How does JAX work?

Author

Marie-Hélène Burle

Before using JAX, it is critical to understand its functioning: JAX architecture is at the core of its efficiency and flexibility, but also the cause of a number of constraints.

Map

Here is a schematic of JAX’s functioning:

tracer Tracing jaxpr Jaxpr (JAX expression) intermediate representation (IR) tracer->jaxpr jit Just-in-time (JIT) compilation hlo High-level optimized (HLO) program jit->hlo xla Accelerated Linear Algebra (XLA) CPU CPU xla->CPU GPU GPU xla->GPU TPU TPU xla->TPU transform Transformations py Pure Python functions py->tracer jaxpr->jit jaxpr->transform hlo->xla

Tracing

Tracing happens during the first call of a function. Tracer objects are wrapped around each argument and record all operations performed on them, creating a Jaxpr (JAX expression). It is this intermediate representation—rather than the Python code—that JAX then uses.
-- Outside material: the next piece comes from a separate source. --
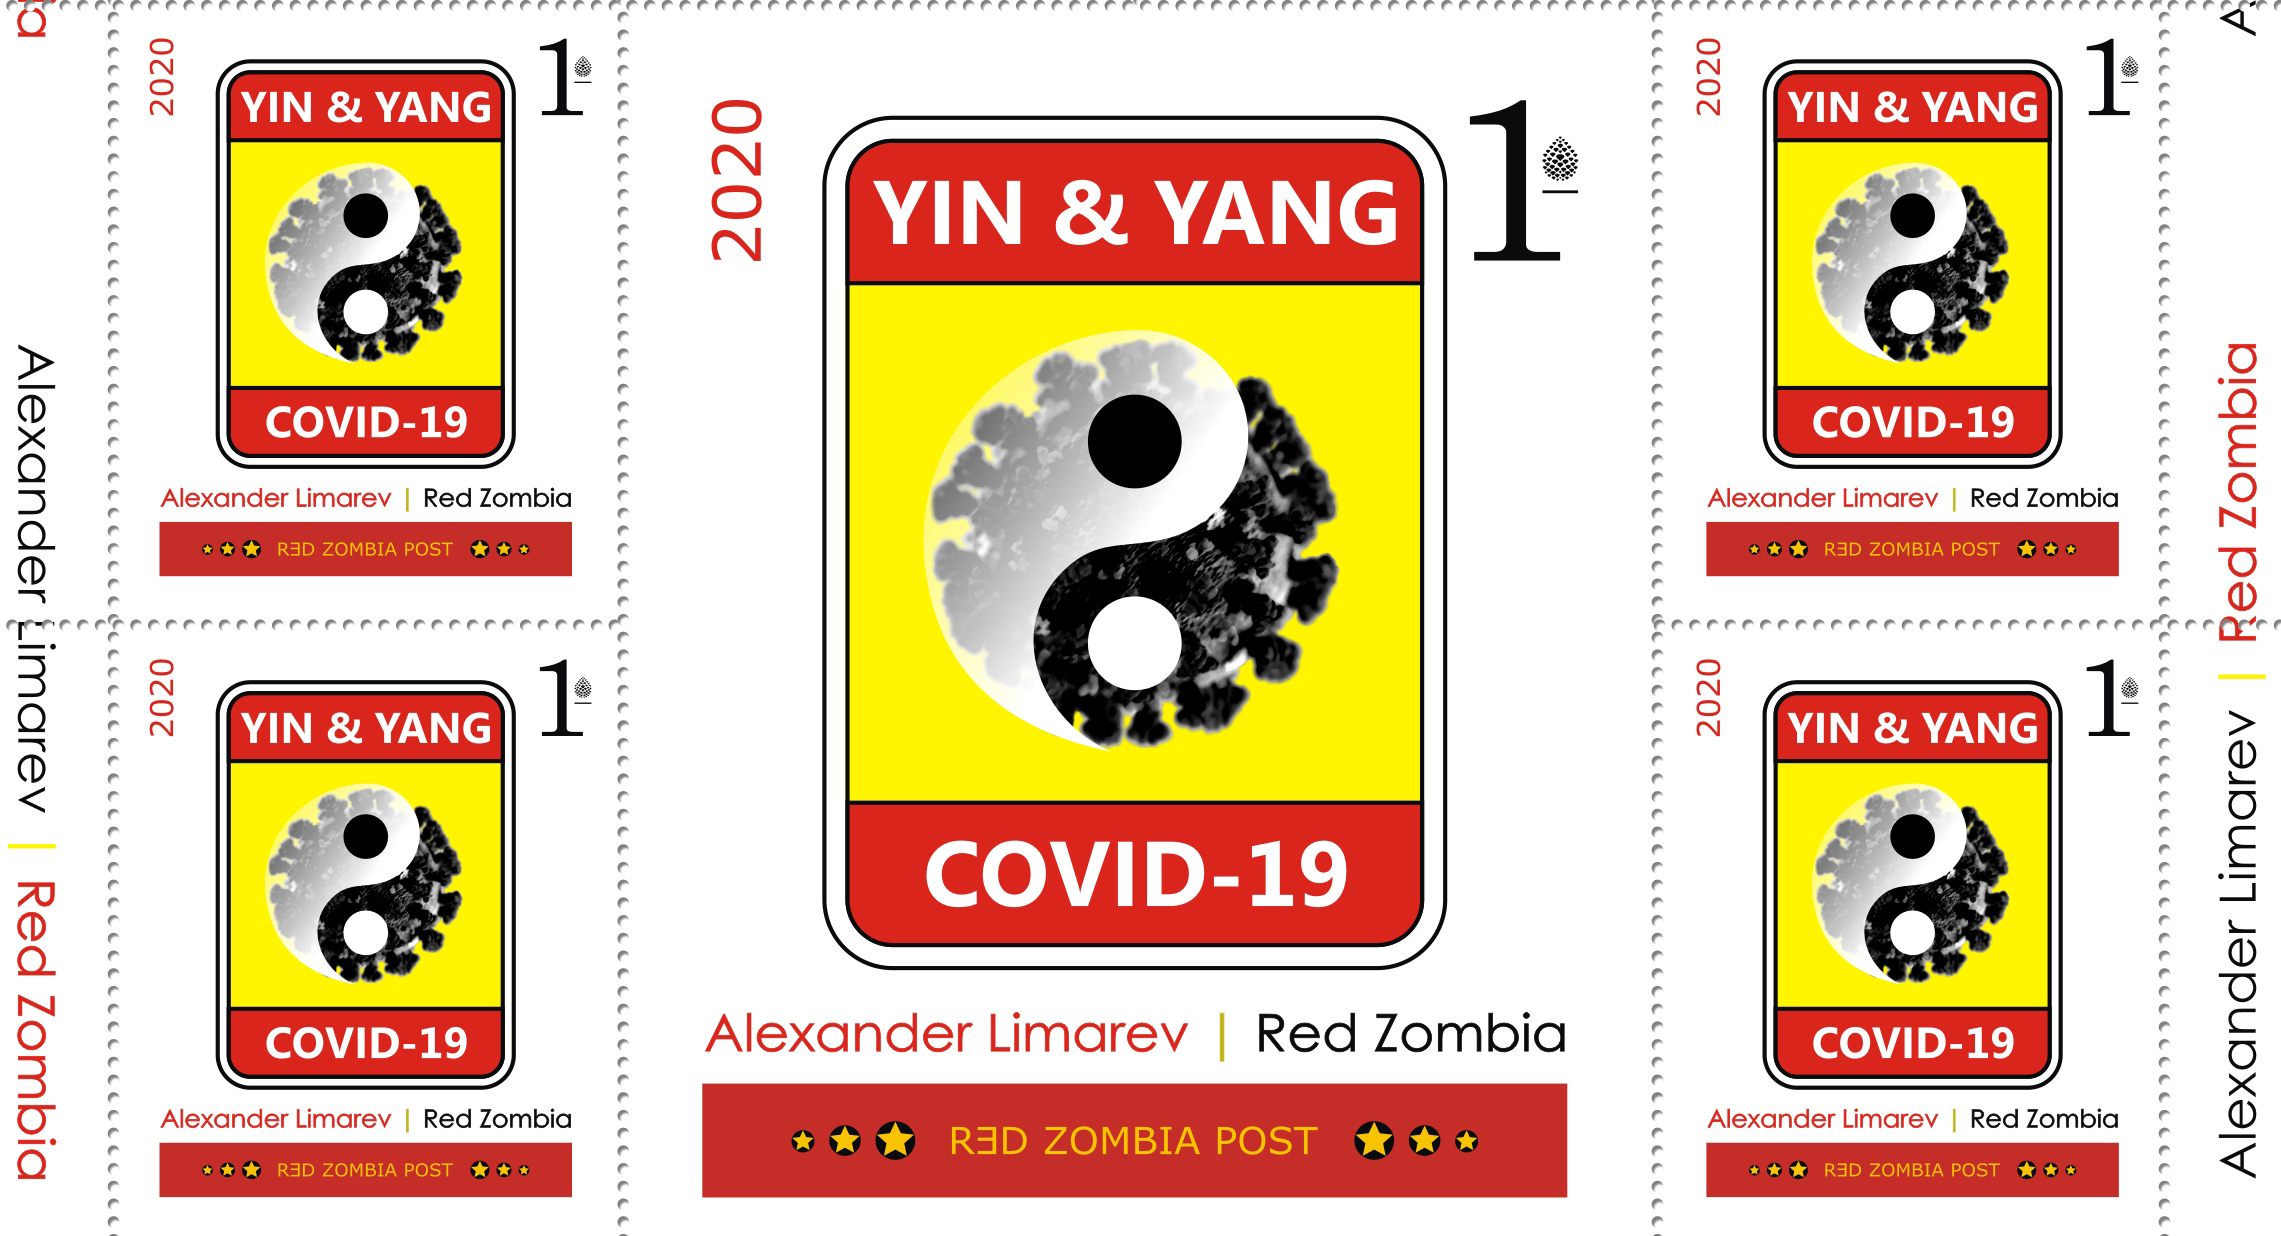 Yin & Yang COVID-19 by Alexander Limarev - Siberia 2020

The tracer objects used to create the Jaxpr contain information about the shape and dtype of the initial Python arguments, but not their values. This means that new inputs with the same shape and dtype will use the cached compiled program directly, skipping the Python code entirely. Inputs with new shape and/or dtype will trigger tracing again (so the Python function gets executed again).

Function side-effects are not recorded by the tracers, which means that they are not part of the Jaxprs. They will be executed once (during tracing), but are thereafter absent from the cached compiled program.

Functions which use values outside of their arguments (e.g. values from the global environment) will not update the cache if such values change.

For these reasons, only functionally pure functions (functions without side effects and which do not rely on values outside their arguments) should be used with JAX.

Transformations

JAX is essentially a functional programming framework. Transformations are higher-order functions transforming Jaxprs.

Transformations are composable and include:

  • jax.grad(): creates a function that evaluates the gradient of the input function,
  • jax.vmap(): implementation of automatic vectorization,
  • jax.pmap(): implementation of data parallelism across processing units,

and finally, once other necessary transformations have been performed:

  • jax.jit(): just-in-time compilation for the XLA.

XLA

The XLA (Accelerated Linear Algebra) compiler takes JIT-compiled JAX programs and optimizes them for the available hardware (CPUs, GPUs, or TPUs).